Pittsburgh City Council unanimously passed a resolution April 7 that directs the Department of Innovation & Performance to produce a report on surveillance technologies “acquired, funded, or used by the City,” with a public hearing to follow.

“We shouldn't have to do these things piece by piece,” Councilperson Deb Gross, the bill's sponsor, said in an interview with Pittsburgh Manifold. “Instead of a staffer and a city councilperson's office looking for and catching these things, hey, administration, you look through all of the technology contracts that you have ongoing, and you tell us and the public, what are the capabilities? What guardrails do you have in place? What guardrails aren't in place that need to be in place?”

A few days before a February 11 Finance and Law committee hearing,  one of Gross’s staffers flagged an invoice of $2,754 from the Bureau of Police for “LeadsOnline LLC – CellHawk software renewal.” 

At the hearing, Gross said she was concerned after reading reporting from investigative news outlet The Intercept that CellHawk could effectively provide "automated continuous surveillance" of an individual based off of cell tower data, so she reached out to the administration for more information. She said they responded quickly and told her that CellHawk has been in use by Pittsburgh Police for seven years and is only used when a suspect has an active judicial warrant against them. 

In an email to Pittsburgh Manifold, City Public Information Officer Emily Bourne confirmed that the information Councilperson Gross received and shared about the Bureau of Police’s CellHawk usage was “true to our use.”

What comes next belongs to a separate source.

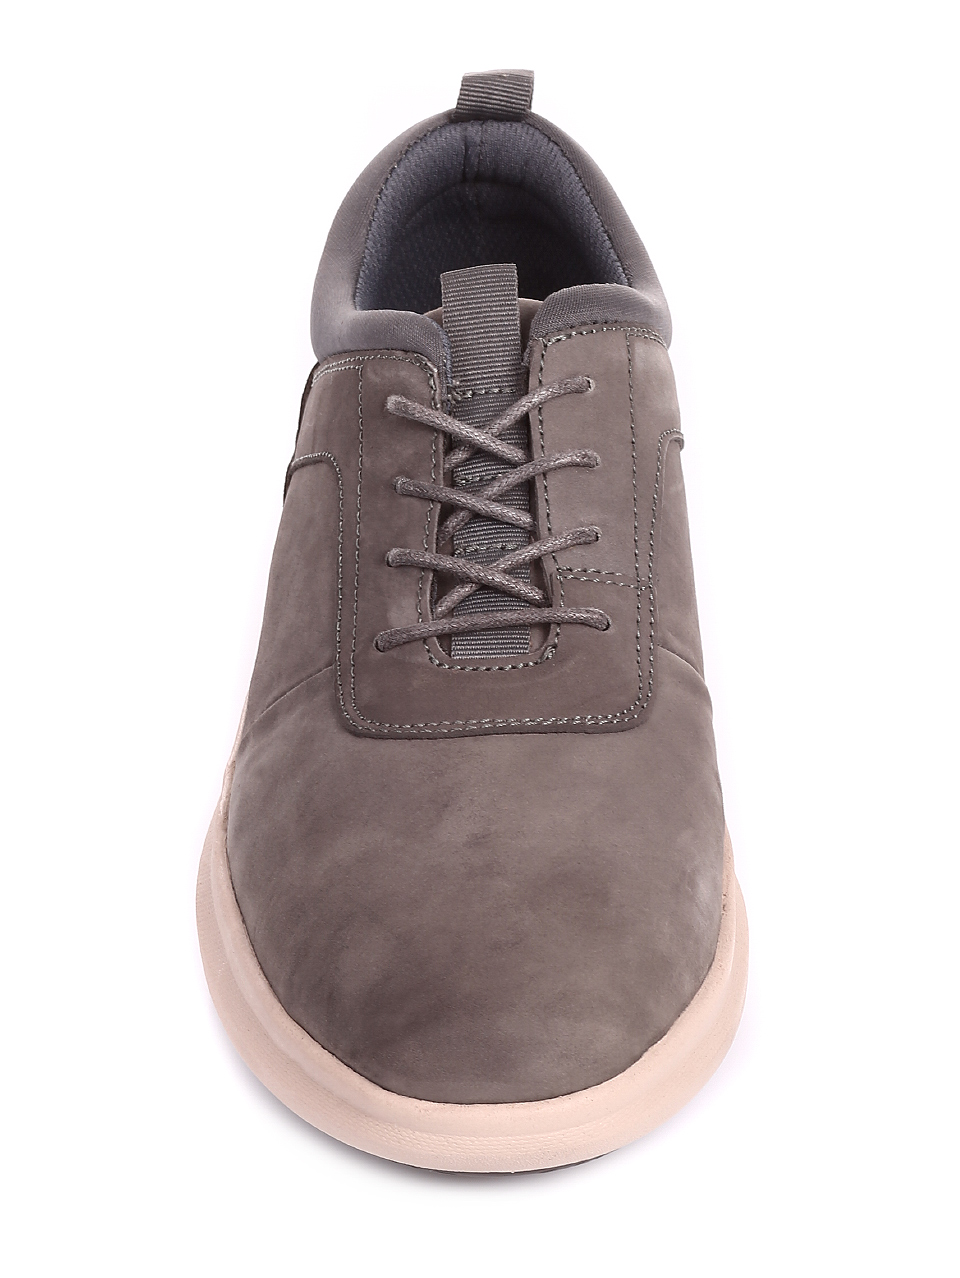 Ежедневни мъжки обувки от естествен набук 7X-20249 grey

Gross said there has been an uptick of instances over the past five years where various surveillance technologies suddenly and unexpectly come before City Council and CellHawk is just the most recent example. She see the report as the “start of a conversation” between council, the mayor’s office, and the public over surveillance technology in use by the city, and notes that in 2020, she voted “yes” on an ordinance introduced by Corey O’Connor, then a councilperson, to regulate facial recognition and predictive policing technology in Pittsburgh. 

Mayor O’Connor’s office confirmed to Pittsburgh Manifold in an email that the mayor signed the present legislation into law but did not comment further.

In 2021, Gross was the lone dissenting voice against the renewal of Zencity software, which the Peduto administration procured under the COVID-19 emergency declaration and used to measure social media sentiment on politically sensitive topics and have briefing reports prepared for Peduto by an analyst based in Tel Aviv.

And last year, she raised concerns over HDR, the company that received a $1.8 million contract to create a master plan for a public safety training facility in Lincoln-Lemington-Belmar, after reporting found that HDR used a program named STRATA to monitor people opposed to some of their projects, such as private prisons. 

City Council approved HDR’s contract unanimously, with a clause that specifies the contract winner cannot “surveille or utilize counter-operation measures such as monitoring of Pittsburgh residents’ online or in-person activities [...] to manipulate public opinion of the project.”

The upcoming report, co-sponsored by Councilperson Barb Warwick, was introduced alongside two ICE noncooperation bills, one of which was also passed by City Council Tuesday. Gross believes it’s important to ensure the city isn’t inadvertently sharing information about people who live here.

“The information flow that we're worried about is going both ways,” she said. “We want the public to know that we are not surveilling them, and we want to make sure [these companies] aren’t actively selling off our residents' data.”

The report is due to City Council and the mayor by July 1. It specifies 18 technologies to be included:

(i)                     international mobile subscriber identity (IMSI) catchers and other cell site simulators;

(ii)                     automatic license plate readers;

(iii)                     electronic toll readers;

(iv)                     closed-circuit television cameras;

(v)                     biometric surveillance technology, including voice, iris, and gait-recognition software and databases;

(vi)                     mobile DNA capture technology;

(vii)                     gunshot detection and location hardware and services;

(viii)                     x-ray vans;

(ix)                     video and audio monitoring or recording technology, such as surveillance cameras, wide-angle cameras, and wearable body cameras;

(x)                     surveillance enabled or capable lightbulbs or light fixtures;

(xi)                     tools, including software and hardware, used to gain unauthorized access to a computer, computer service, or computer network;

(xii)                     social media monitoring software;

(xiii)                     through-the-wall radar or similar imaging technology;

(xiv)                     passive scanners of radio networks;

(xv)                     long-range Bluetooth and other wireless-scanning devices;

(xvi)                     radio-frequency I.D. (RFID) scanners;

(xvii)                     software designed to integrate or analyze data from surveillance technology, including surveillance target tracking and predictive policing software; and

(xviii)                     facial recognition technology.